California and Florida's Leading Positions

Of all the states in the United States, Florida has the highest percentage of senior citizens, followed closely by Maine, West Virginia, Vermont, Pennsylvania, Montana, Delaware, Hawaii, Oregon and Arizona. However, as far as the absolute statistics are concerned, California still holds the record as having the largest actual number of elderly persons.

It’s only logical that America’s most densely populated states are also those having the greatest numbers of persons who are 65 years of age and older. Back in 1993, there were nine states who had over 9 million elderly people. California, of course, topped the list then too, with Florida, New York, Pennsylvania, Texas, Ohio, Illinois, Michigan, and New Jersey behind it.

 

Regional Trends in Age Group Demographics

Intriguingly, the states with the biggest proportions of senior citizens were typically not the same as the states with the largest actual numbers of elderly.
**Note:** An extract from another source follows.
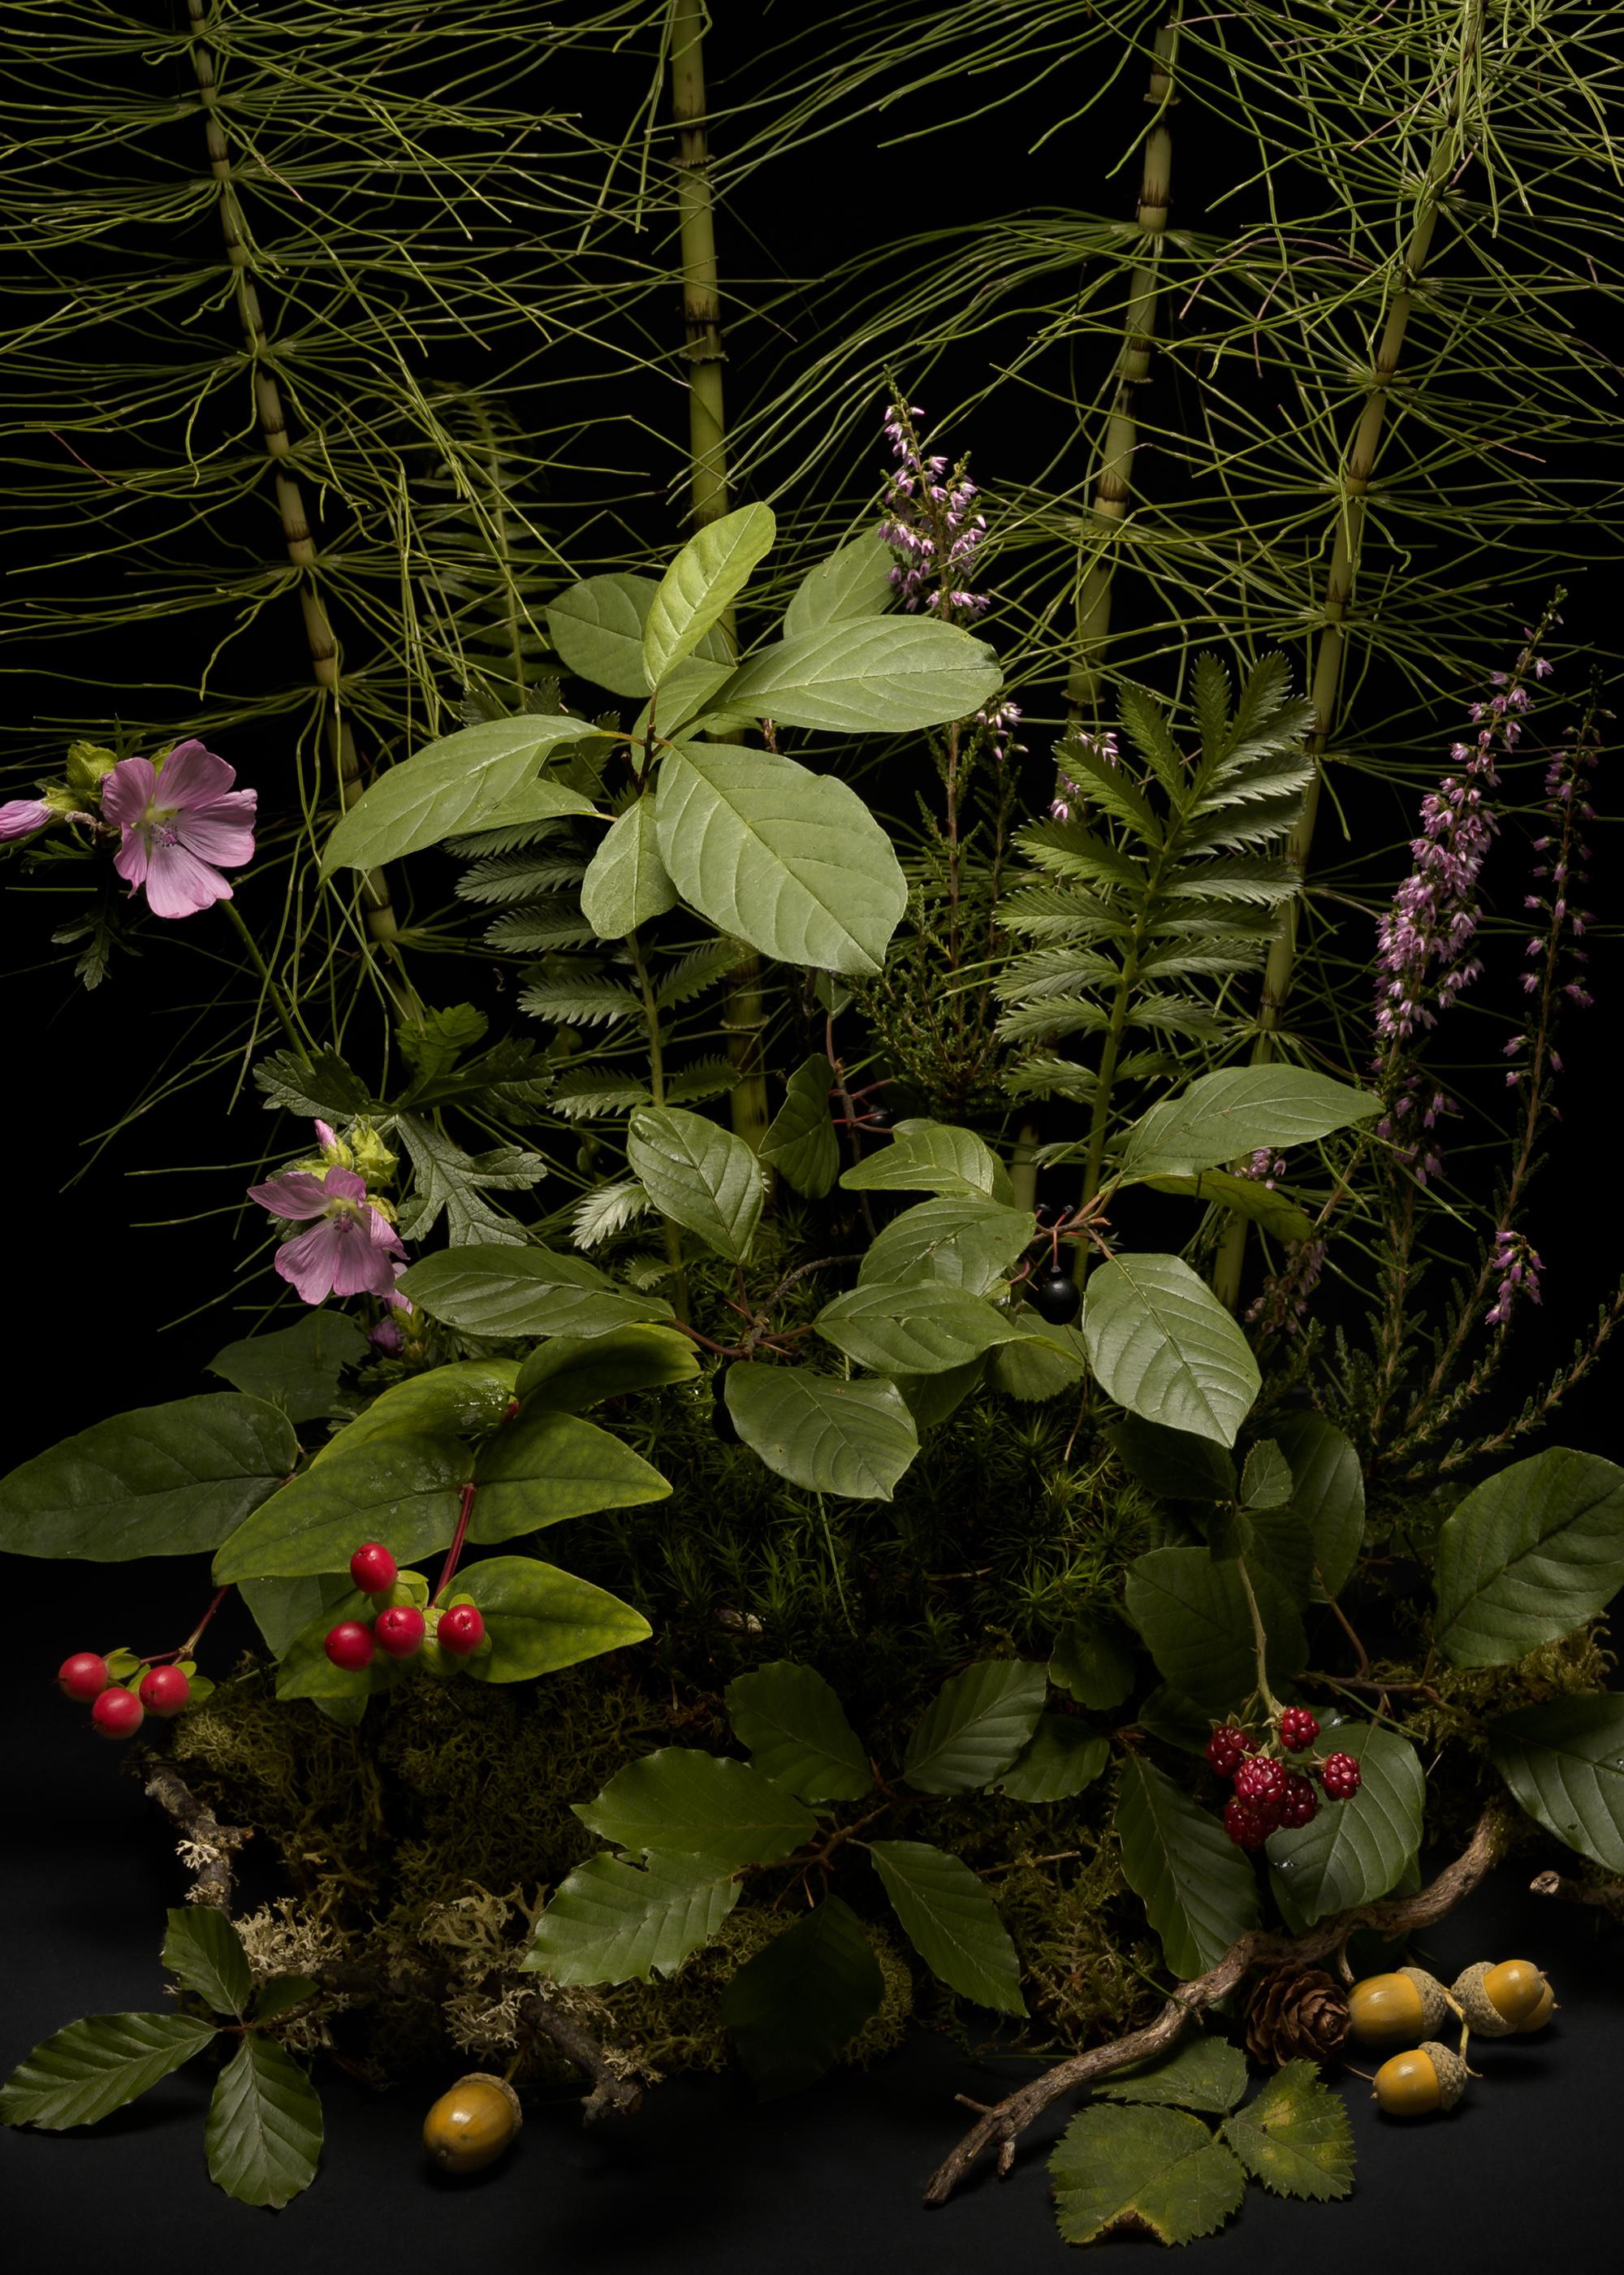 Dunkle Blume #, Schwalbenschwanz, Ein Blumenarrangement aus wilden Pflanzen und Blumen – Print von Jasper Goodall

Exceptions to this were Pennsylvania, where 16 percent were 65 years and above, and Florida, where 19 percent were elderly. These two states were among the top 10 in terms of both total numbers and relative percentages of elderly, which were attributed to a net positive immigration of elderly greater than that seen among younger persons. Indeed, the younger generation’s migration patterns across the US have often been quite contrary to those seen in the older population.

The variations in each of the states’ age profiles are identified mainly by migration and fertility, especially since mortality rates are more or less uniform across the states. Furthermore, even though the southern states are considered alluring for people who are moving on to retirement, the Midwest and the Northeast states do have the highest percentages of elderly relative to their total populations.

 

Percentage Of Elderly Population per State

Rank

State

Percentage of population over 65 years old

1

Florida

19.06 %

2

Maine

18.24 %

3

West Virginia

17.78 %

4

Vermont

17.02 %

5

Pennsylvania

16.69 %

6

Montana

16.62 %

7

Delaware

16.43 %

8

Hawaii

16.07 %

9

Oregon

15.97 %

10

Arizona

15.90 %

11

Rhode Island

15.84 %

12

Iowa

15.79 %

13

New Hampshire

15.79 %

14

South Carolina

15.76 %

15

Arkansas

15.68 %

16

Ohio

15.50 %

17

Connecticut

15.44 %

18

Michigan

15.44 %

19

Alabama

15.39 %

20

Missouri

15.37 %

21

New Mexico

15.25 %

22

Wisconsin

15.21 %

23

South Dakota

15.16 %

24

Tennessee

15.07 %

25

Massachusetts

15.06 %

26

Kentucky

14.80 %

27

North Carolina

14.69 %

28

New Jersey

14.68 %

29

New York

14.66 %

30

Oklahoma

14.48 %

31

Nebraska

14.39 %

32

Idaho

14.38 %

33

Kansas

14.38 %

34

Indiana

14.27 %

35

Mississippi

14.27 %

36

Minnesota

14.25 %

37

North Dakota

14.16 %

38

Nevada

14.11 %

39

Washington

14.06 %

40

Illinois

13.88 %

41

Virginia

13.78 %

42

Maryland

13.76 %

43

Wyoming

13.75 %

44

Louisiana

13.57 %

45

California

12.87 %

46

Colorado

12.69 %

47

Georgia

12.37 %

48

Texas

11.49 %

49

Utah

10.02 %

50

Alaska

9.49 %

** District of Columbia – Washington ….The population 60 years since 2006 (first year of the baby boomers) has been steadily increasing almost 2 percent per year. If current city demographic trends continue the senior population will see the greatest growth from both ends of the age continuum; youngest seniors (age 60-69) and oldest (85 years of age and older) seniors. It is projected by 2015, almost 17 percent of the population could be at least 60 years of age and older, that is one out of every seven residents.